Good Pope, Bad Pope in einer Person

Doch keine Papst-Audienz für Kim Davis, aber für schwules Paar?

Artikelbild
Am Mittwoch der letzten Woche empfing der Papst einen Argentinier, seinen Lebenspartner und seine Familie (Bild: Youtube-Screenshot)

Kurz vor Beginn der Familiensynode des Vatikans überschlagen sich die Deutungen zum Papst-Besuch in den USA vor einer Woche.

Das Verhältnis des Papstes zu Homosexuellen hat am Freitag mehrere überraschende Wendungen erhalten. Zunächst stutzte der Vatikan Meldungen über eine Unterstützung von Franziskus für die amerikanische Standesbeamtin Kim Davis zurecht.

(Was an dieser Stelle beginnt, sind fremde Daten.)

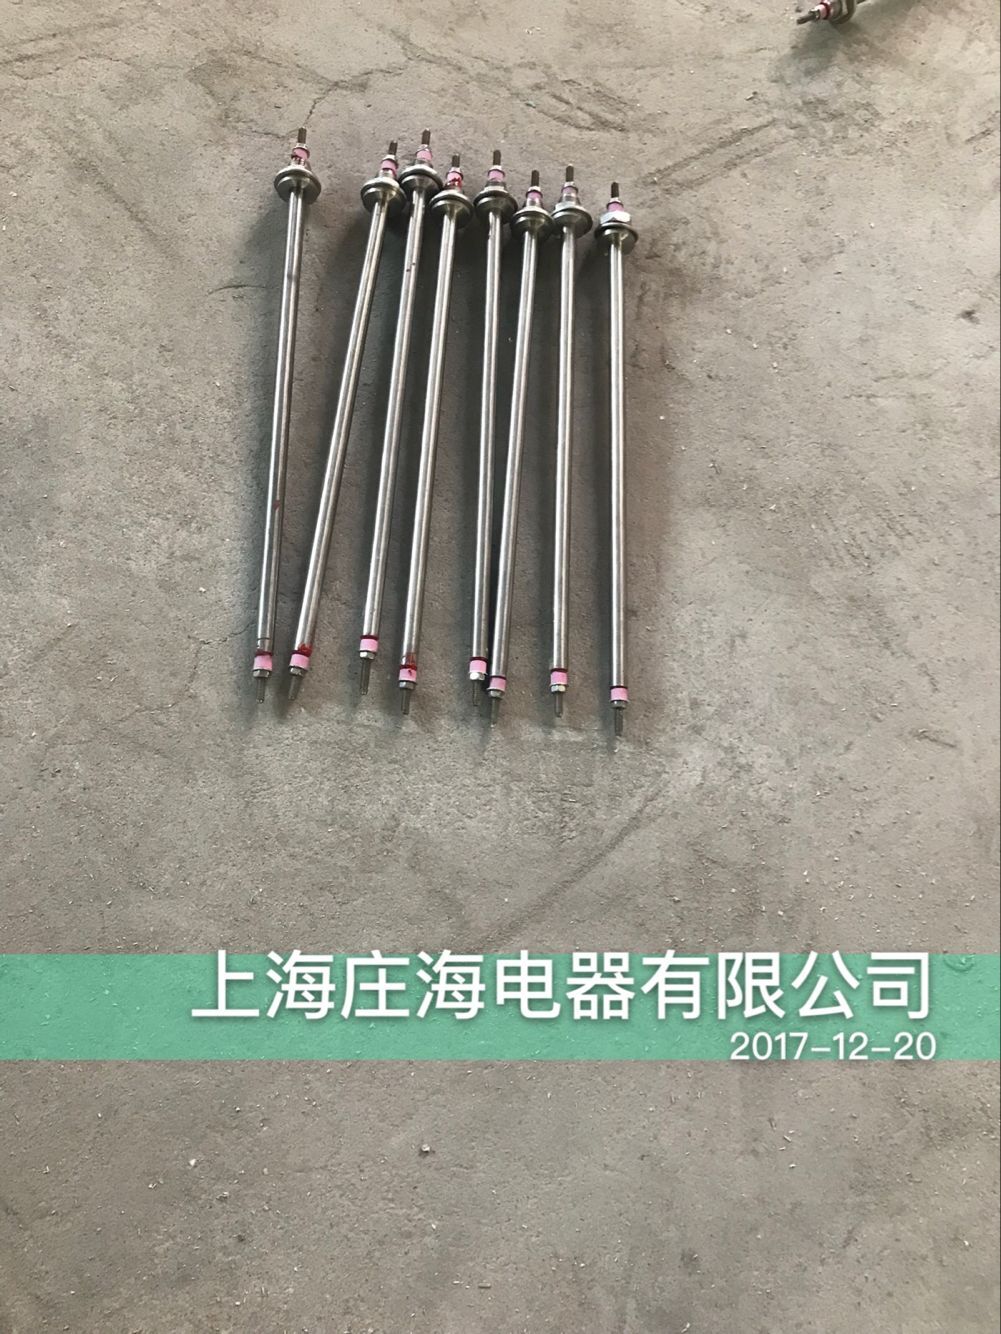 上海庄海电器 U 异 型电热管 支持非标定做
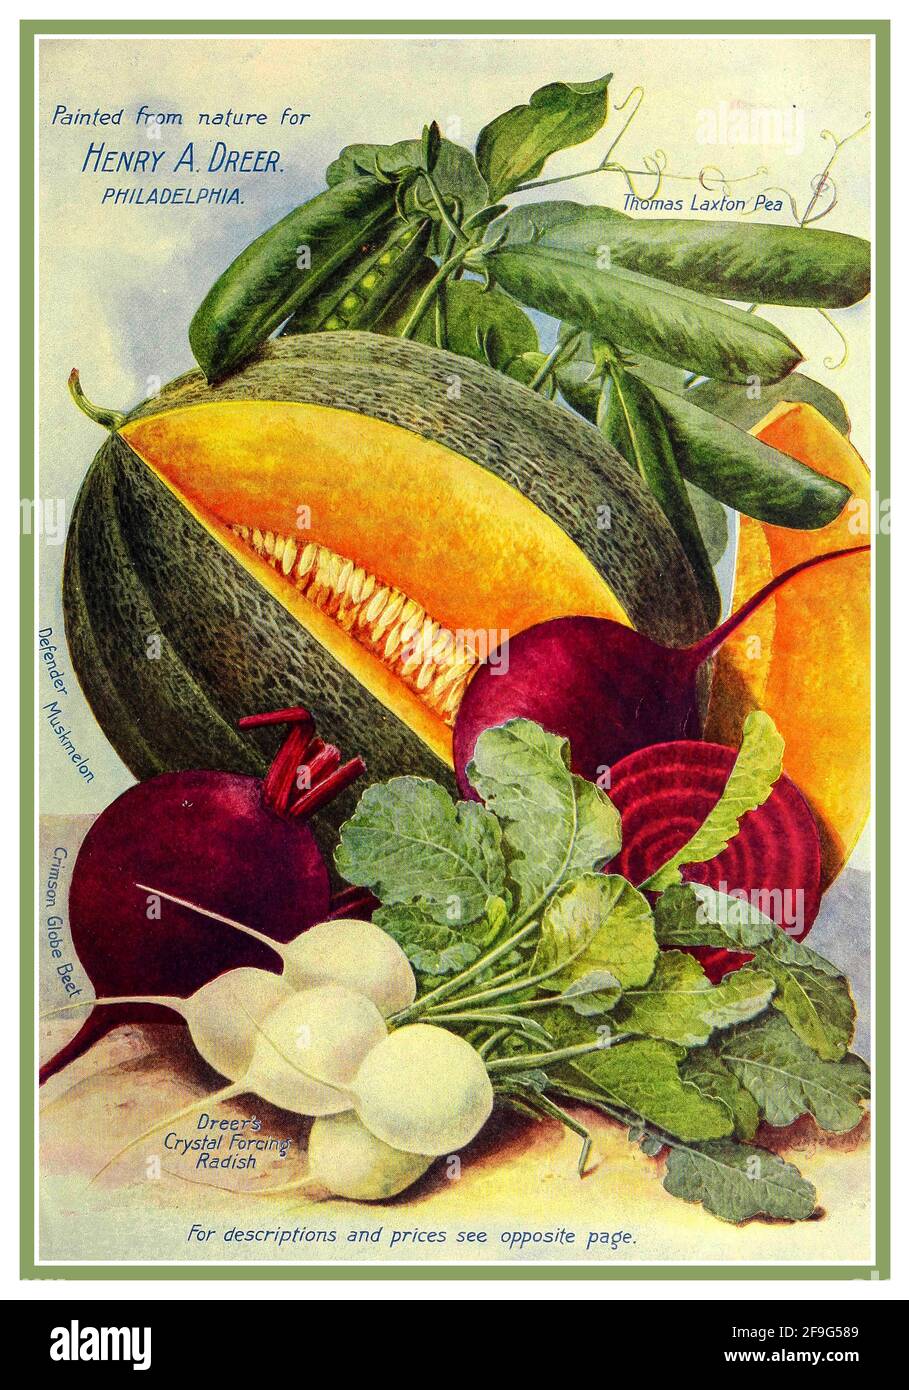 Illustrazione grafica di Henry Dreer Seed Packet di vintage del 1900 per Coltiva le tue verdure 1904' dipinte dalla natura per Henry Dreer Philadelphia USA Foto Stock

Und dann erklärte auch noch ein schwuler Argentinier, er und sein Lebenspartner hätten in Wirklichkeit eine Audienz beim Papst-Besuch in Washington erhalten, anders als Davis.

Vatikansprecher Federico Lombardi hatte am Morgen zunächst berichtet, die "kurze Begegnung" des Papstes mit der Standesbeamtin in der Washingtoner Nuntiatur, also in der Botschaft des Vatikans, am letzten Donnerstag habe zahlreiche streitbare Kommentare ausgelöst. Das Treffen könne aber "nicht als Unterstützung ihrer Position in allen ihren besonderen und komplexen Wendungen" verstanden werden, schränkte Lombardi ein.

Davis, die durch die Weigerung, homosexuellen Paaren Trauscheine auszustellen, seit Wochen eine Debatte in den USA über vermeintliche Religionsfreiheit hevorruft, hatte nach dem Treffen von einem privaten Gespräch mit dem Papst und von dessen Unterstützung berichtet. Lombardi sagte nun, Davis habe zwar eine Einladung erhalten, sei aber als eine von mehreren Dutzend Menschen vorgelassen worden, um "ganz kurze Höflichkeits-Abschiedsgrüße" zu erhalten. Um eine "Audienz" habe es sich nicht gehandelt, eine solche habe bei dem Papst-Besuch in Washington lediglich ein früherer Schüler des Papstes mit seiner Familie erhalten.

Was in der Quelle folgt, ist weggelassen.